Simon Jordan slams the staggering £38.4m paid in agent fees, demanding the Premier League increase scrutiny on Villa Park’s finances.
Aston Villa’s meteoric rise under Unai Emery has been the feel-good story of the Premier League but Simon Jordan is warning that the “feel-good factor” shouldn’t mask a staggering set of financial accounts.
Following the release of the FA’s latest clearing house report, it was revealed that Villa’s spending on intermediary fees has skyrocketed to £38.4m over the last 12 months.
That figure places them second only to Chelsea (£65.1m) and ahead of traditional “Big Six” heavyweights like Manchester City and Manchester United.
Jordan’s argument the numbers that shocked him
Chelsea’s financial figures for the year ending June 2025 dominated Premier League headlines this week. A pre-tax loss of £262.4m (surpassing Manchester City’s previous record of £197.5m set in 2010-11) represented an extraordinary and deeply uncomfortable headline number for the West London club.
However, speaking on talkSPORT on Thursday, Simon Jordan made the case that another club’s figures deserved equally serious examination.
“Chelsea have spent £65m on agents’ fees on transactions worth £600m in and out,” Jordan stated. “Go and look at Aston Villa, who’ve done £70m worth of transfers and £57m sales, and paid £38m in agents’ fees. That’s 25 per cent. While the numbers look horrible for Chelsea, they’re not that enormous.”

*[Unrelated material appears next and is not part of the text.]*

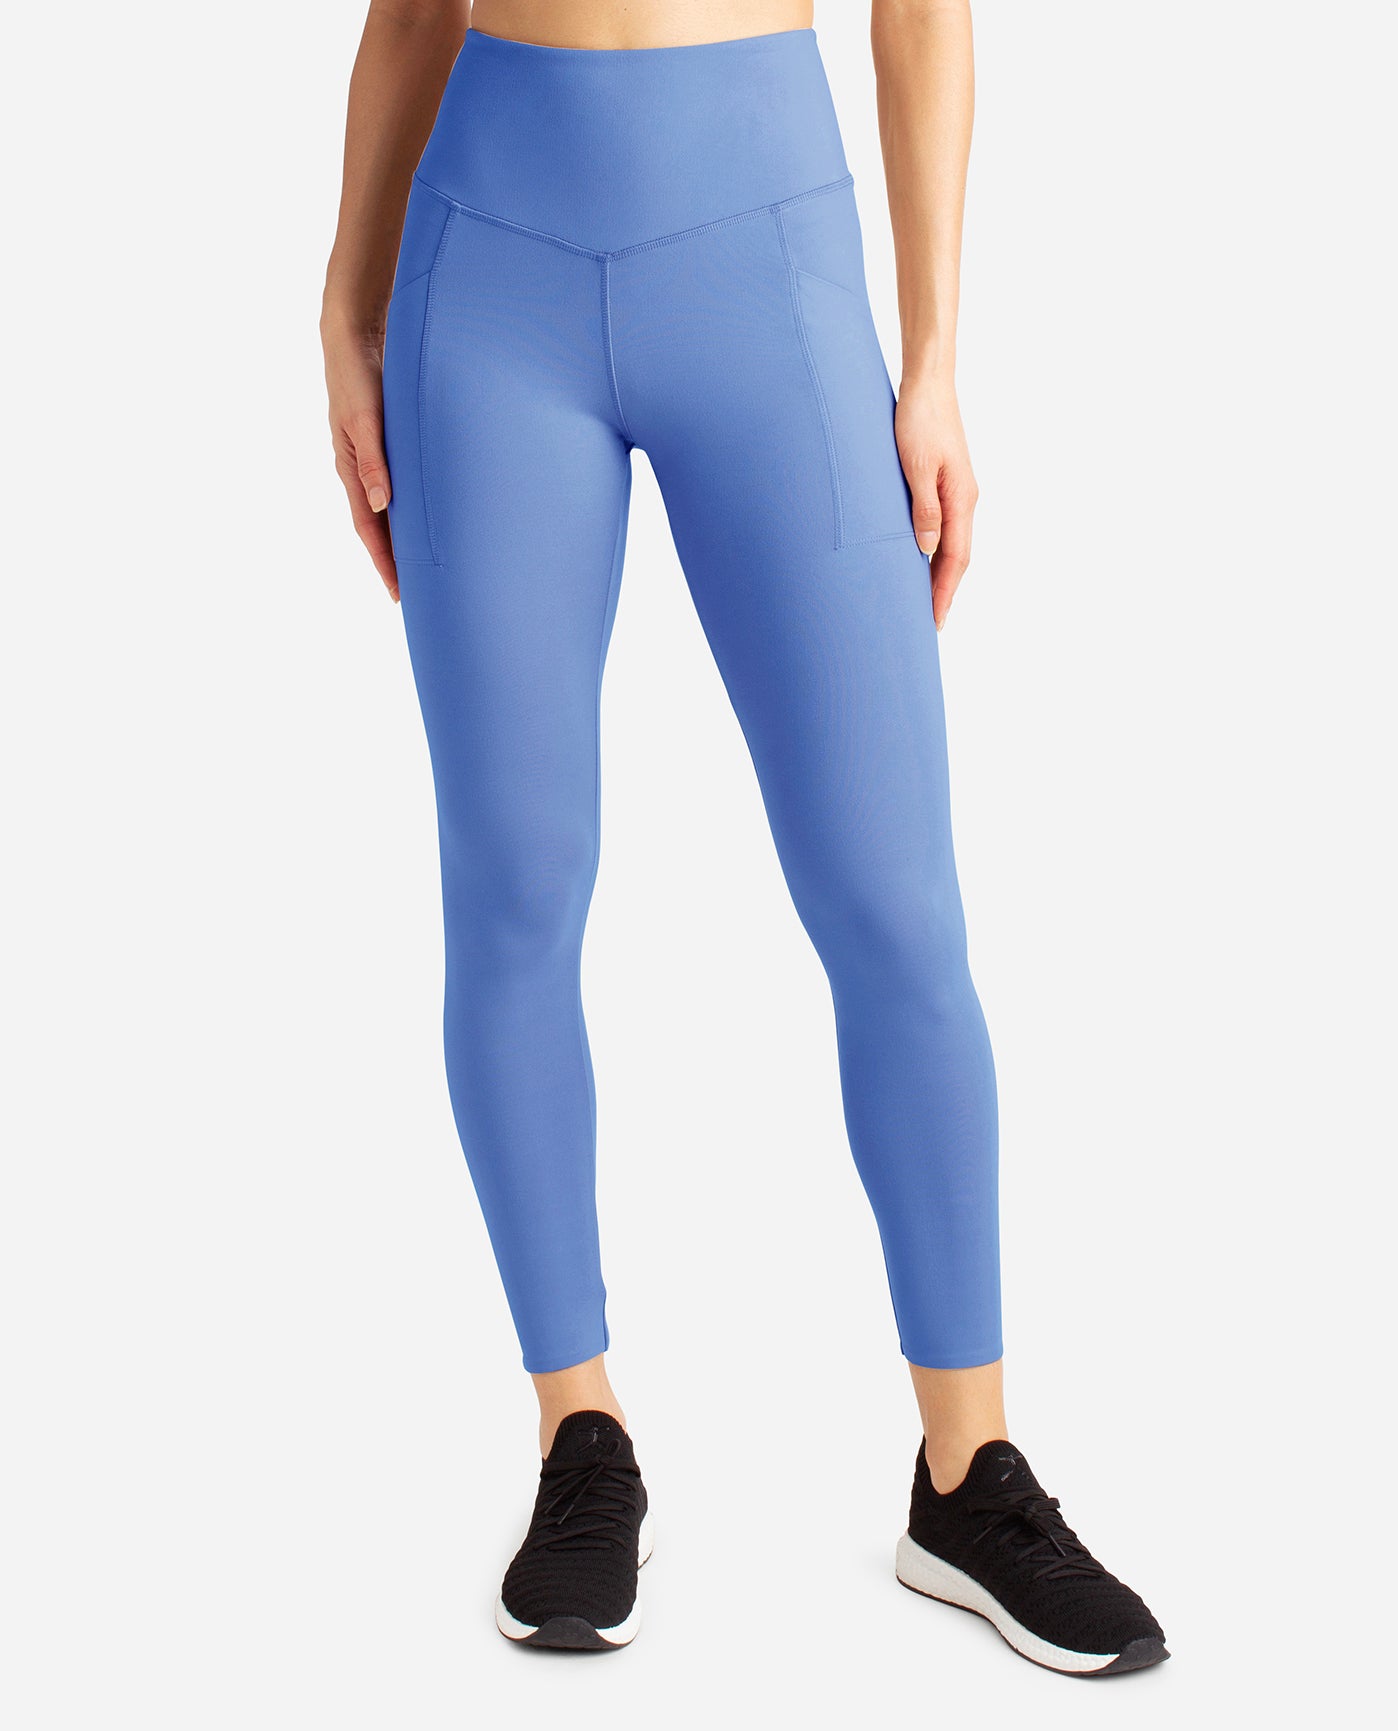 Danskin S leggings Blue and Black with cotton tees, yellow and

That proportional comparison is striking and significant. Chelsea’s £65m agent spend came against £600m of transfer activity, roughly 10% of transaction value. Villa’s £38.4m was spent against just £127m of combined transfers: a ratio of approximately 25%.

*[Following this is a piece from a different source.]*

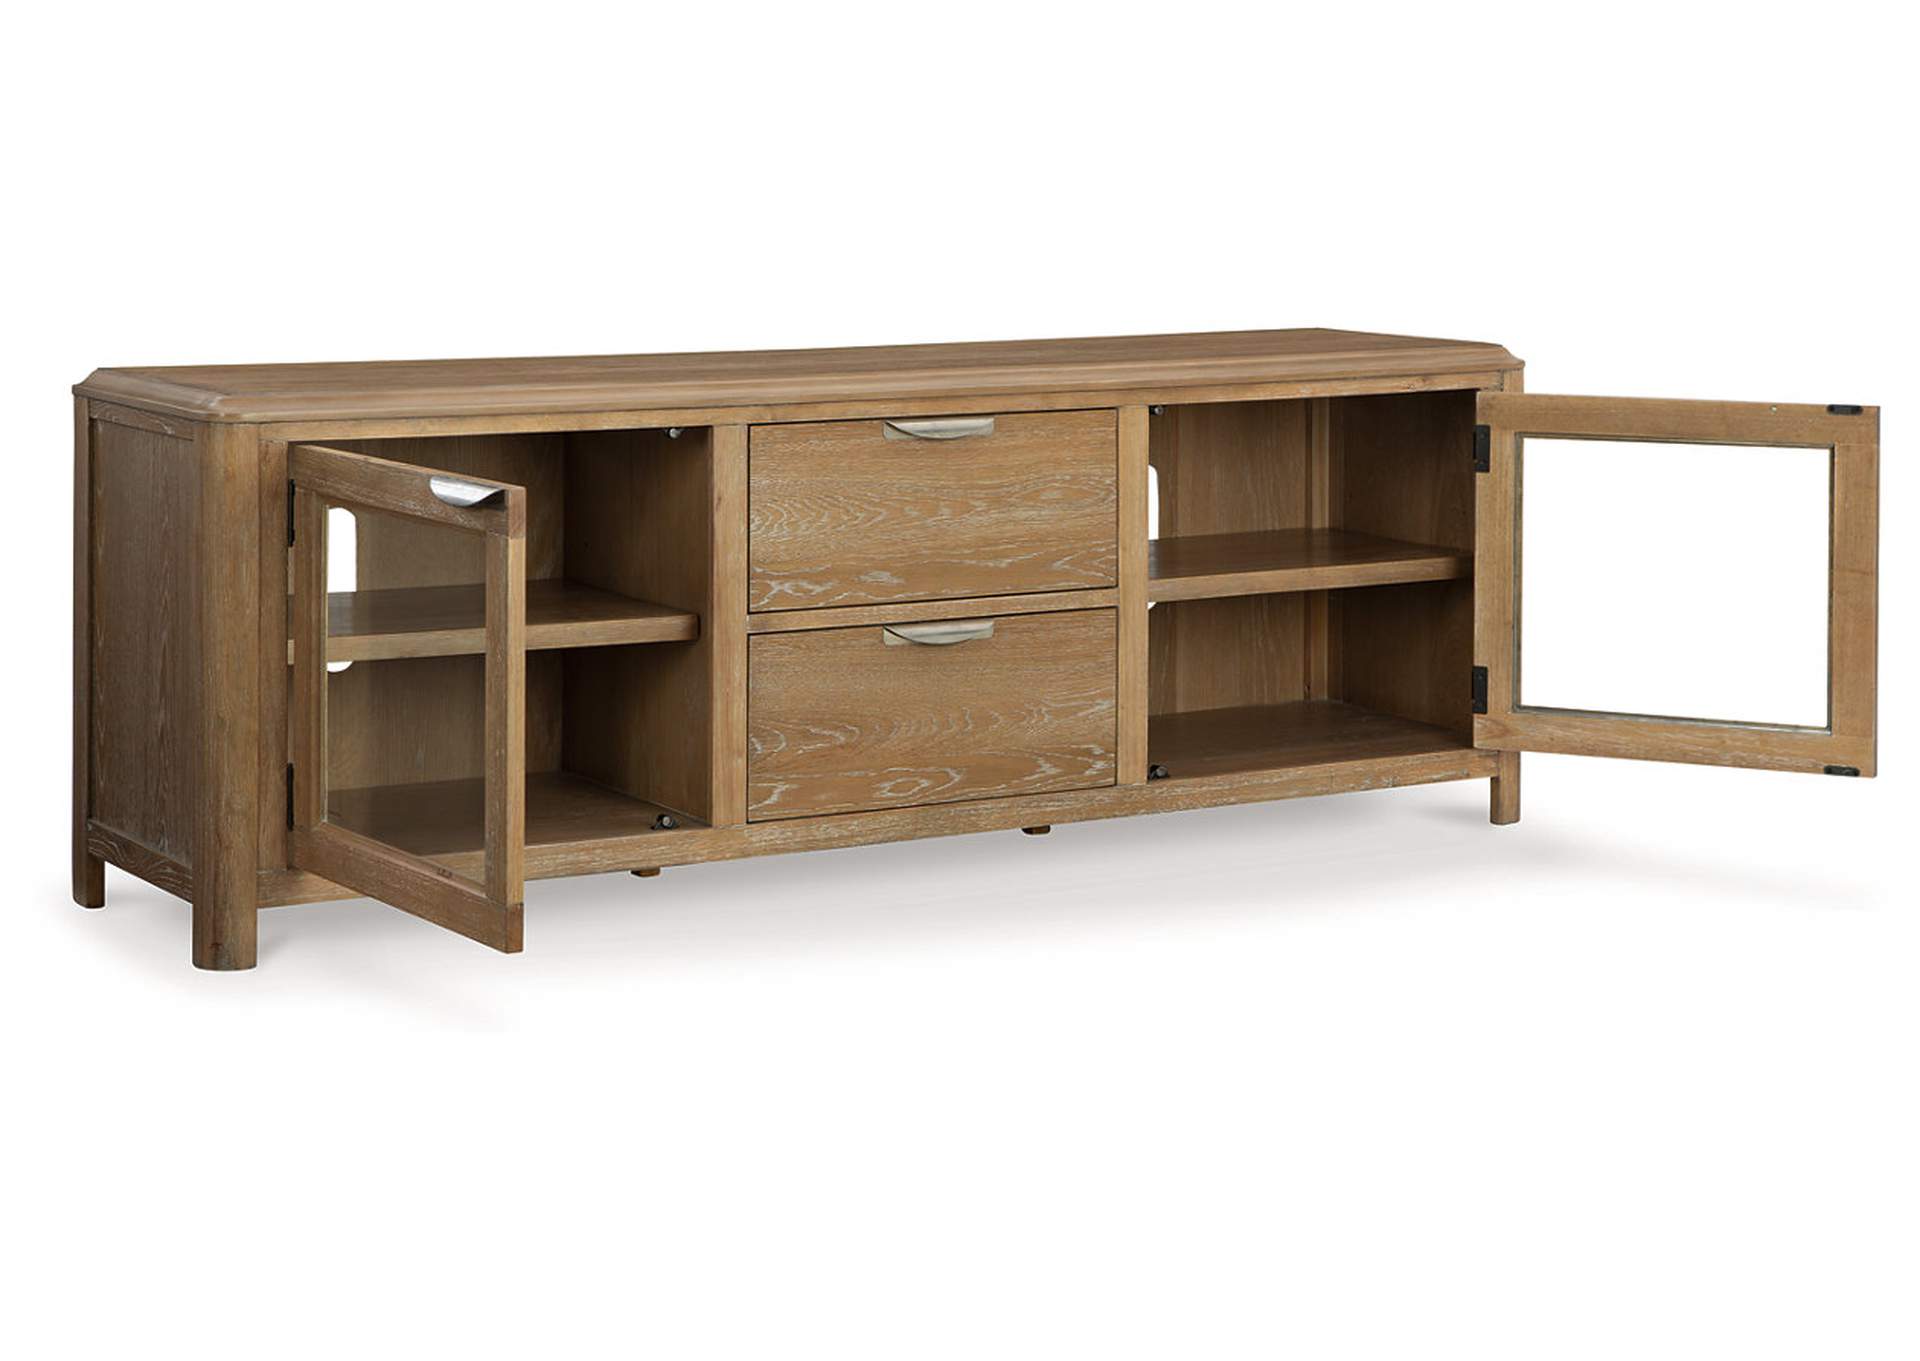 Rencott 80" TV Stand,Signature Design By Ashley

The scale difference is considerable and demands honest scrutiny.
The full Premier League agent fee picture
The agent fee data published this week places Villa’s expenditure in sharp relief against their Premier League rivals.
The Midlands club recorded the second-highest agent fee spend in the division, behind only Chelsea, despite operating at a fraction of the West London club’s overall revenue and transfer activity.

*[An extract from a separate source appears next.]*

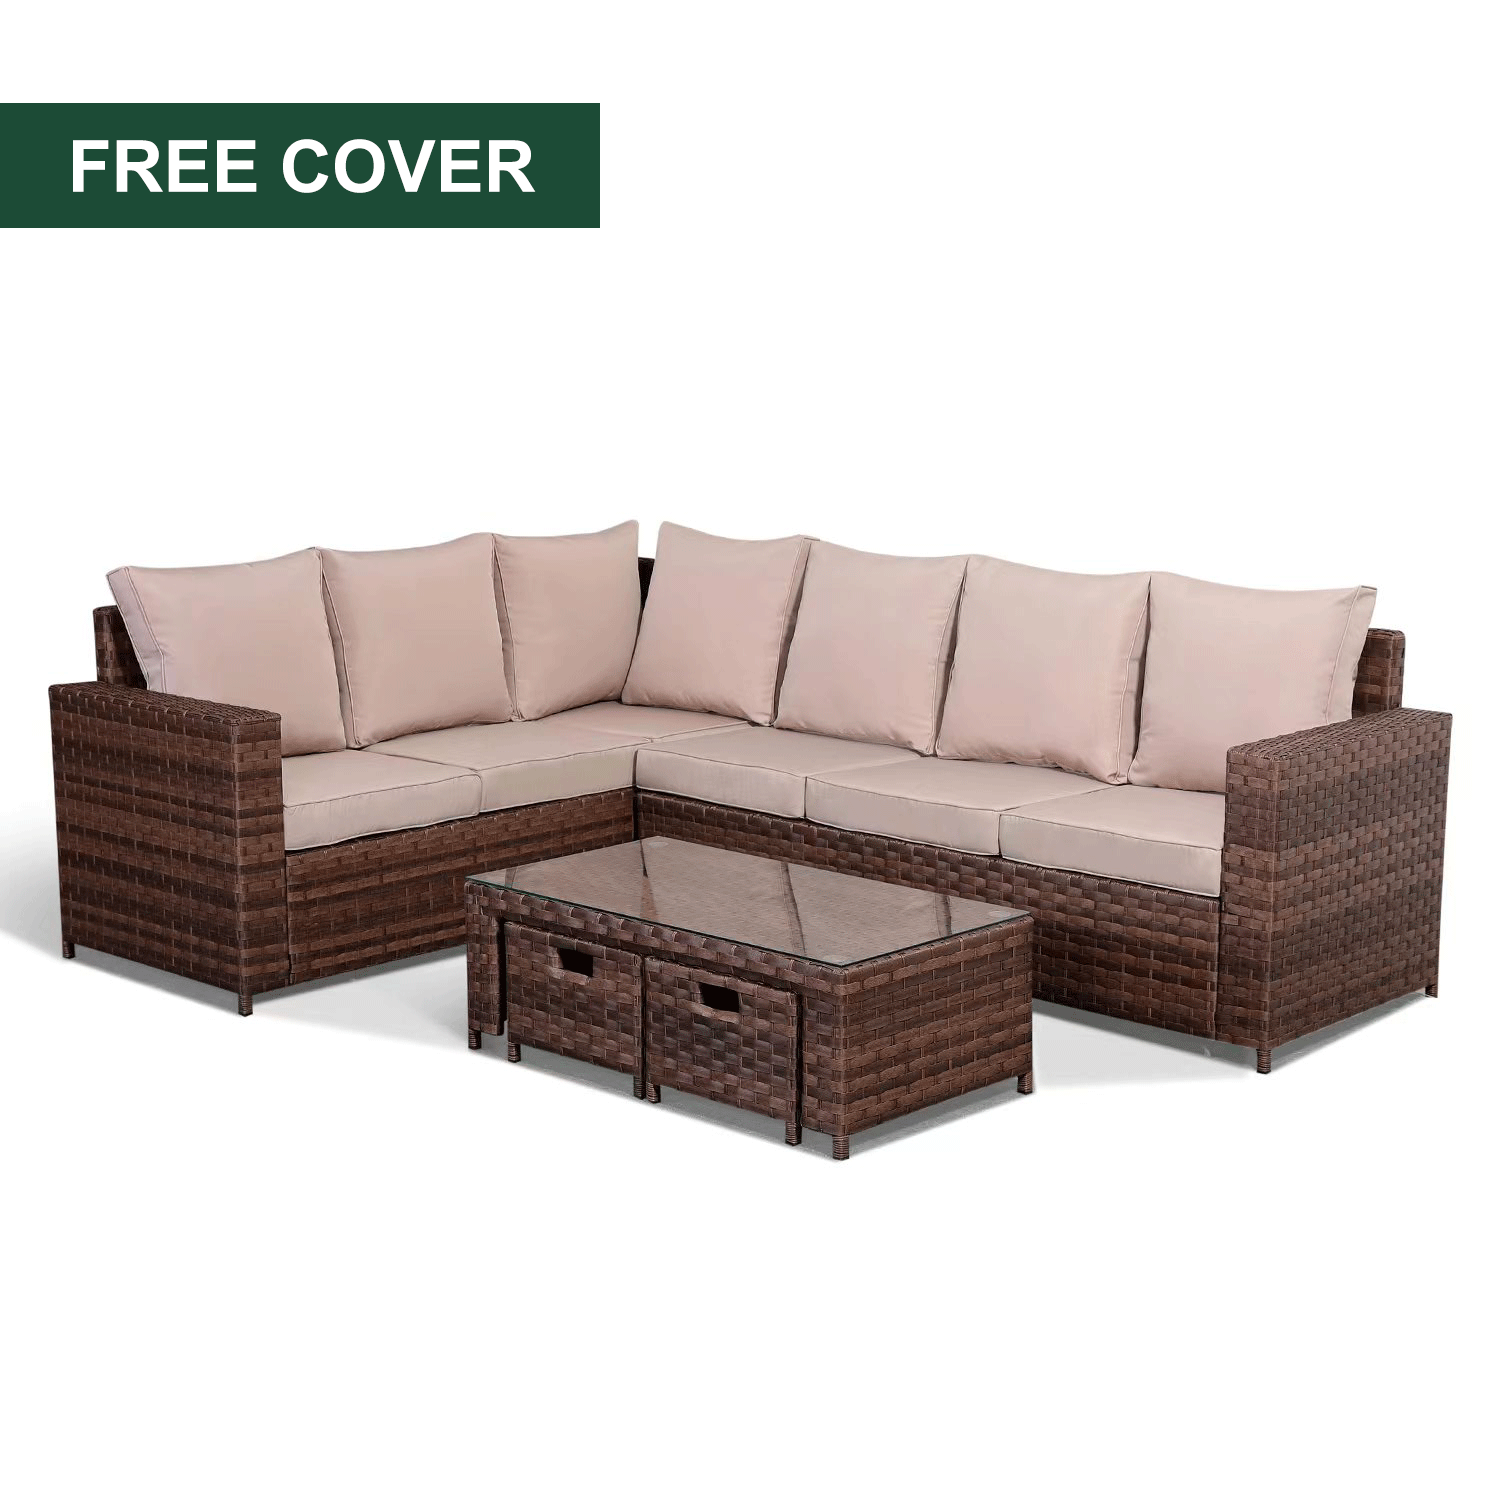 Canna Range High Back LHF Large Corner Sofa Set With Coffee Table In Large Brown Weave

| Club | Agent Fees 2025-26 | Context |
|---|---|---|
| Chelsea | £65m | £600m transfers in/out |
| Aston Villa | £38.4m | £127m combined transfers |
| Manchester City | £37.36m | — |
| Liverpool | £33.88m | — |
| Chelsea pre-tax loss | £262.4m | Premier League record |
| Villa total revenue | £392.99m | Deloitte Money League |
Manchester City spent £37.36m and Liverpool £33.88m both significantly lower than Villa’s figure despite their considerably greater financial resources.
Furthermore, those clubs operate with revenue bases that dwarf Villa’s, making the Midlands club’s proportional agent fee commitment even more notable when examined objectively.
Why this matters: the financial context
Jordan’s intervention arrives at a moment when Villa’s financial position is under genuine and significant pressure.
The club were previously fined £9.5m for breaching wage regulations last summer, exceeding the 80% revenue limit that Premier League regulations impose.
That fine reflected the difficulty of competing at European level while operating under financial constraints that more established clubs navigate with considerably greater ease.
The Deloitte Money League recorded Villa’s total revenue at £392.99m for 2024-25, a significant figure that nonetheless places them well below the Premier League’s genuine financial elite.
Furthermore, that revenue figure is set to decrease this season following their transition from Champions League to Europa League competition.
Consequently, every pound spent on agent fees represents a genuine trade-off against squad investment, wage commitments, and regulatory compliance, a balancing act that becomes more complex with every passing window.
The uncomfortable truth Villa must confront
Jordan’s analysis, while uncomfortable reading, serves an important function. It strips away the narrative around Villa being a sympathetic underdog operating on a shoestring budget and replaces it with the more nuanced reality of a club spending proportionally significant sums on agent commissions while simultaneously pleading financial constraint.
That is not necessarily evidence of mismanagement the modern transfer market demands sophisticated agency relationships to compete for elite talent. However, it does reinforce the urgency of Champions League qualification above all other priorities.
Increased revenue transforms every financial ratio, reducing the relative burden of agent fees, wage commitments, and compliance costs simultaneously. The numbers demand it. The summer makes it non-negotiable.